FDA warns GE about defective x-ray equipment
The company received the Nov. 16 letter just three weeks before the company planned to notify the FDA that it was addressing manufacturing issues identified in the previous warning letter concerning its MRI coil and breast biopsy plate operations.
On Sept. 27, FDA field tests discovered two defective devices used in a hospital near New Orleans, which were assembled at GE’s Pewaukee, Wis., facility. During the tests, the agency found that the protective barrier was not in place during the x-ray process to intercept the beam as required by federal regulation. The letter requested that GE investigate the problem.
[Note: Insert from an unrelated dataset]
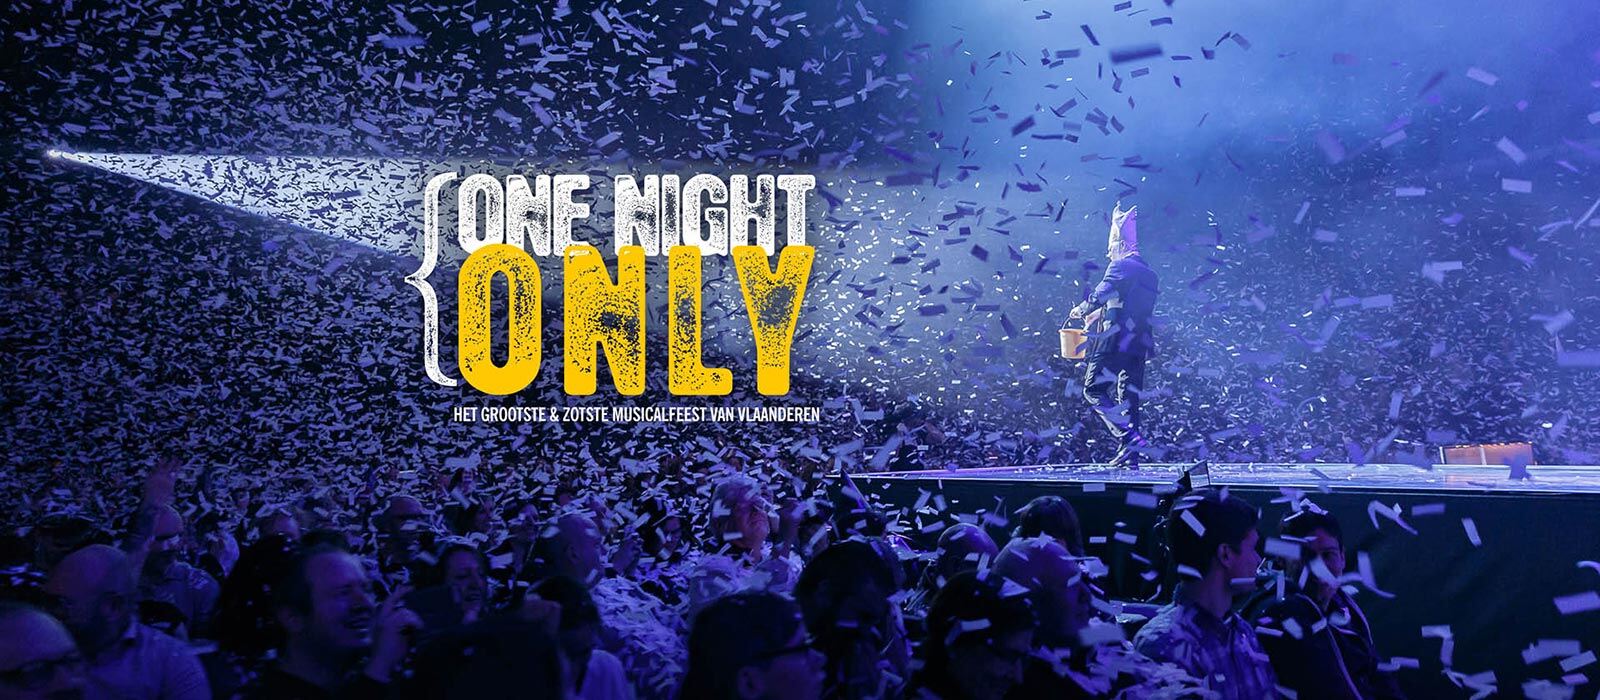 Regardez "One Night Only"

If the company determines that the defect in the x-ray equipment is caused by improper assembly or installation, it must fix the problem, or replace the defective component or device, free of charge. The agency has instructed GE to submit its investigation results on the defective x-ray equipment as well as a plan for corrective action within 15 days of receipt of the warning letter. The FDA also warned that if the company failed to comply with the terms of the warning letter, it could be subject to penalties including seizure of product inventories, court injunctions preventing GE from selling its products, or monetary fines up to $300,000 per violation.
GE told Health Imaging News that the initial investigation shows that the company’s service personnel addressed the issue noted with these two devices soon after the FDA field test. The company said it “takes the FDA test finding and warning letter very seriously and we are thoroughly investigating the matter.” GE added that it is fully cooperating with the agency.